The Court finds that the disputes fall within the coverage of the Agreement. See Gannon v. Circuit City Stores, Inc., 262 F.3d 677, 680 (8th Cir. 2001) (Courts "determine simply whether the parties have entered a valid agreement to arbitrate and, if so, whether the existing dispute falls under the coverage of the agreement."). Plaintiff's last argument is that the AUAA applies to her case and that under the AUAA her claims, which sound in tort, are not subject to arbitration. See Ark. Code Ann. § 16-108-201 (Arkansas Uniform Arbitration Act does not apply to "personal injury or tort matters, employer-
employee disputes, nor to any insured or beneficiary under any insurance policy or annuity contract."); Hassan v Arkansas Methodist Hospital Corp., 2010 WL 1961371 (E.D. Ark 2010) ("civil rights counterclaim sounds in `personal injury or tort,' and is not arbitrable under the AUAA). Under Arkansas law, when "the parties designate in the arbitration agreement which arbitration statute they wish to have control, the court should apply their choice." See Terminix Int'l Co. V. Trivitt, 104 Ark. App. 122, 126, 289 S.W.3d 485, 488 (2008). Here, the Agreement states that the parties agree that the FAA will apply. Moreover, the Arkansas Court of Appeals has stated that tort claims can be arbitrated under the FAA. See Pest Management, Inc. v. Langer, 96 Ark. App. 220, 224 n.1, 240 S.W.3d 149, 153 n.1. IT IS THEREFORE ORDERED that the clerk administratively terminate the action in his records, without prejudice to the right of the parties to reopen the proceedings for good cause shown for the entry of any stipulation, order, or for any other purpose required to enforce an arbitration award.
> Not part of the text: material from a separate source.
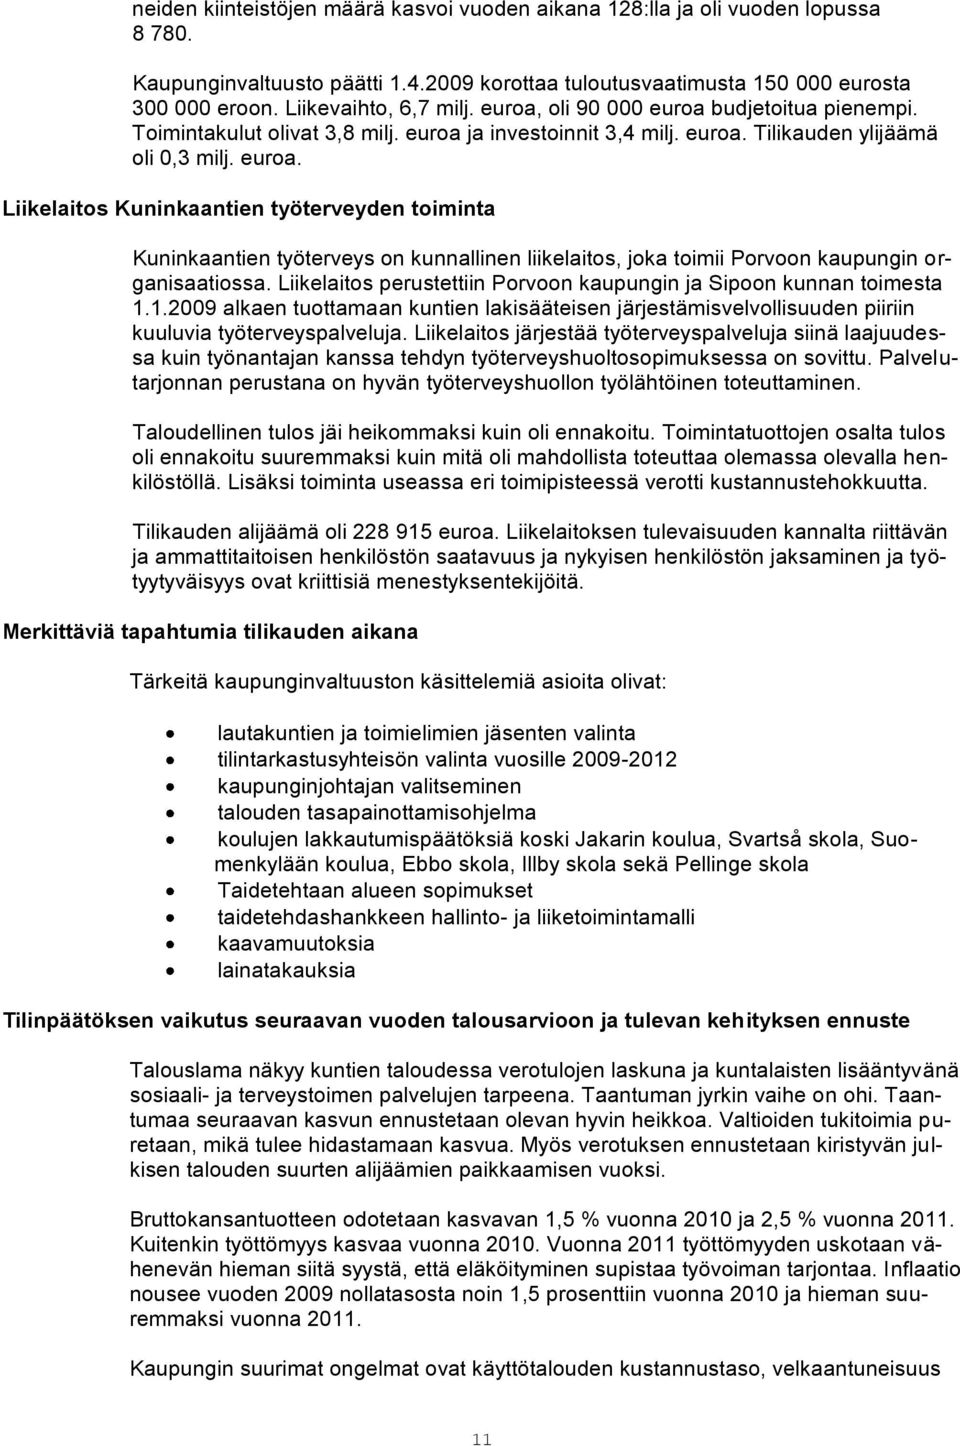 Liikelaitos perustettiin Porvoon kaupungin ja Sipoon kunnan toimesta 1.1.2009 alkaen tuottamaan kuntien lakisääteisen järjestämisvelvollisuuden piiriin kuuluvia työterveyspalveluja.

Provided however, this case will not be reopened unless within 60 days of
the final disposition of the above proceeding an application to reopen is filed herein by one or more parties to this action. If no such motion to reopen is filed within said 60-day period this order shall be deemed a dismissal with prejudice of all claims made in this case. IT IS SO ORDERED this 29 day of July, 2010.